What Alan Cooper has to say about personas...
Daphne Ogle
daphne at media.berkeley.edu
Thu Apr 19 19:28:26 UTC 2007
Alan Cooper wrote "The Inmates are running the Asylum" and "About
Face 2.0". He introduced the idea of personas and scenarios in the
former book. Here's a blurb from "About Face 2.0"...
"The value of personas...
* as a product definition tool. Personas help us determine what
to include in the product, and what to leave out.
* as a design tool. By creating realistic scenarios starring
the personas, they help the design team determine how the tool should
look and behave.
* as a measurement tool. Personas can help quality assurance
testers write realstic test scripts and prioritize bug fixes.
* as a communication tool. Personas help articulate a focus for
the design to which others in your organization can respond.
What are personas?
To develop and test the best design ideas, we first create concise
set of user personas. Each persona is an archetype representing the
needs, behaviors, and goals of a particular group of users.

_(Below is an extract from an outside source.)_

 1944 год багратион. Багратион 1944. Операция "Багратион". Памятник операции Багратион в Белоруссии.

Throughout design and development, the personas consistently embody
key user motives and actions that inform product creation.

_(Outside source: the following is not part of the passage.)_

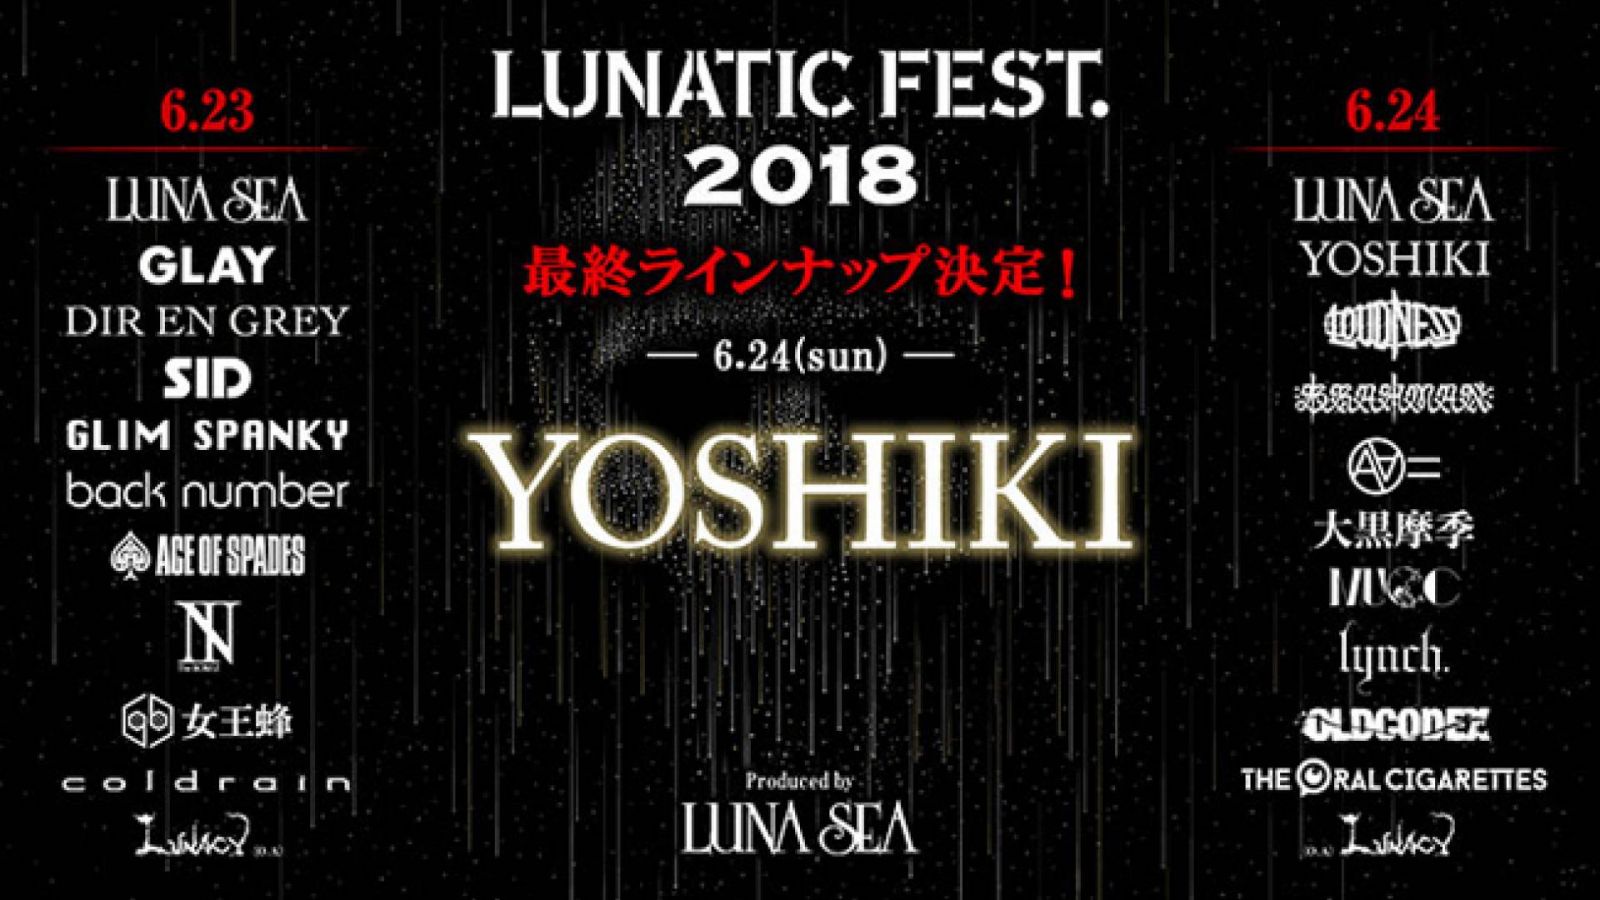 YOSHIKI выступит на LUNATIC FEST. © LUNATIC FEST. 2018

Personas give designers and developers a clear design target.
Ambiguous user definitions lead to confusion and misunderstanding
because everyone has a different idea about who the user actually is
and what this person might need or want. Personas with definite
backgrounds, names, and personalities keep everyone focused on the
significant characteristicsof a known user.

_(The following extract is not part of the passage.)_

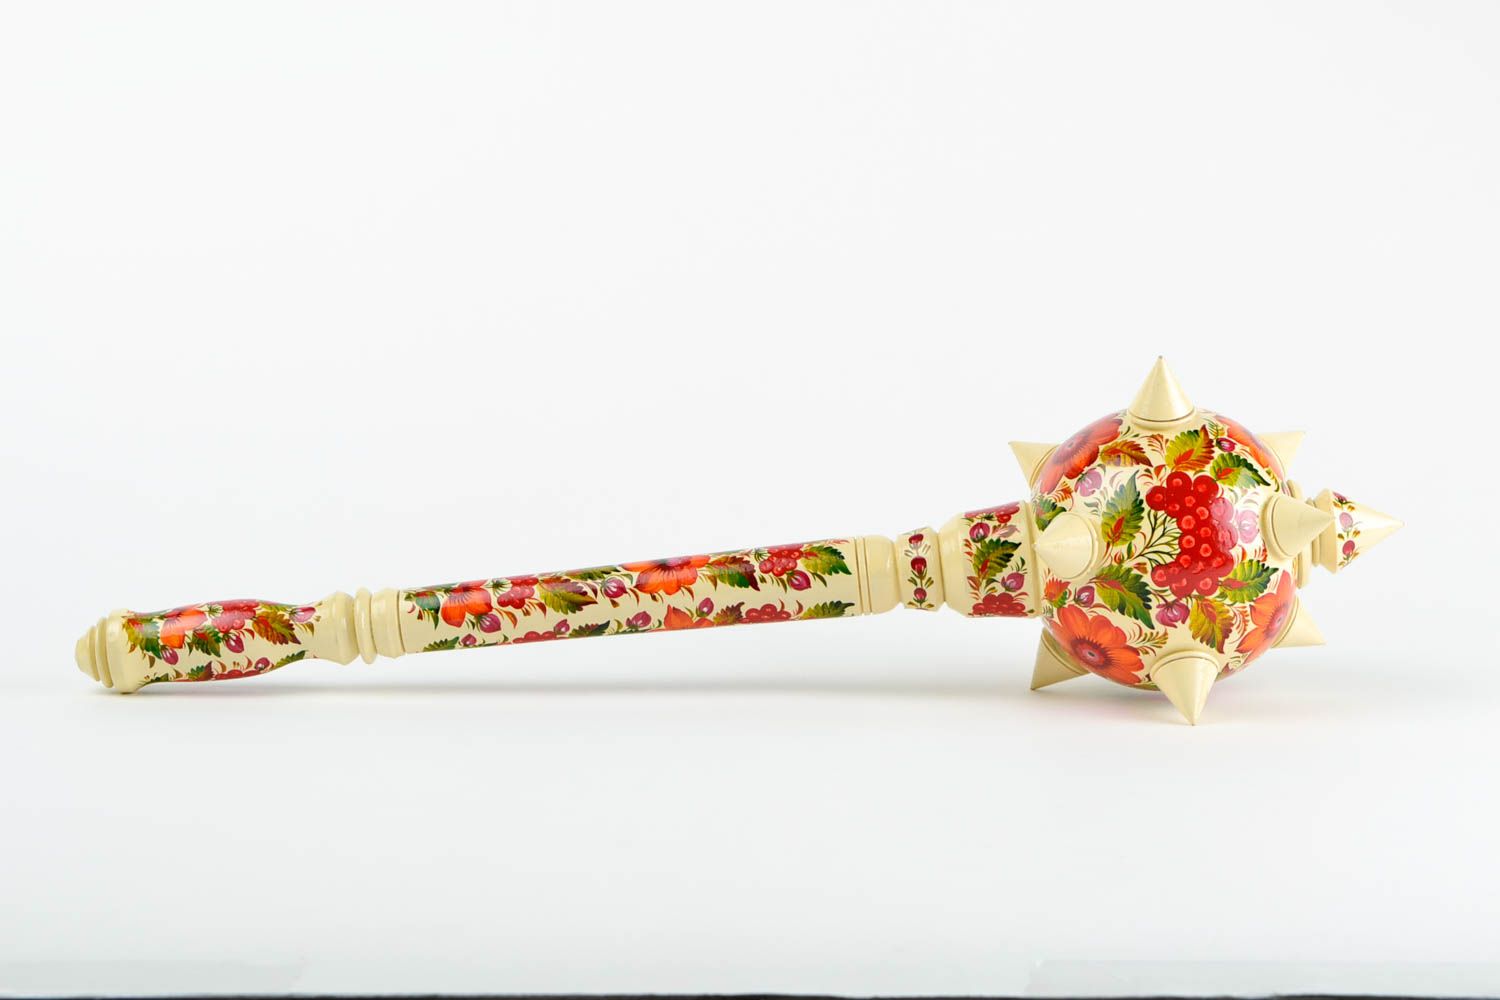 Handmade designer decorative mace stylish ethnic weapon for decorative use only photo 2

Well-defined personas help us pose questions such as "Will Spencer
ever do this?" or "Why would Debbie want that feature?" Emperical
answers stop repeated speculation about what users want or need and
curb the proliferation unnecessary and undesited features. At the
same time, a proper set of personas will remain complex enough to
exhibit a wide variety of human behaviors and concerns.
Personas are not elastic
Why does each persona have a name, a face, and a little bit of social
biography? These details make it easy to imagine a definite person.
Statementst like "A Debbie ina different city might use the system
this way" are invalid because there is only one specific persona for
Debbie. Targeting appropriate personas ensures that the most likely
users have suitably powerful and pleasing experiences.
Goals vs Tasks
Our design is Goal-Directed, not task-directed. Different users
represented by a single persona might have different tasks. As long
as the goals of these users are the same, though, one persona can
accurately represent them. Our design doesn't ignore tasks--it lets
goals prioritize them.
For example, a salesman starts his day by checking his office voice
mail, his email, and his cell phone voice mail. Improving the method
he uses to perform these tasks might help him somewhat, but his goal
is not to check messages. His goal is to repond to clients and close
deals. If design help him do this, it might be able to eliminate
some or all of the tasks.
Edge cases, or events that happen rearely for a small number of
users, must be accounted for in teh final implementation, but the
tasks necessary for handling them should be available only through
commensurate effort. This keeps them out of the way for other users.
Categories of personas
Separating personas into primary and secondary categories allows us
to focus our design on the people whose needs matter most. As we
design for a primary persona we check the design against secondary
personas to make sure that they are not neglected.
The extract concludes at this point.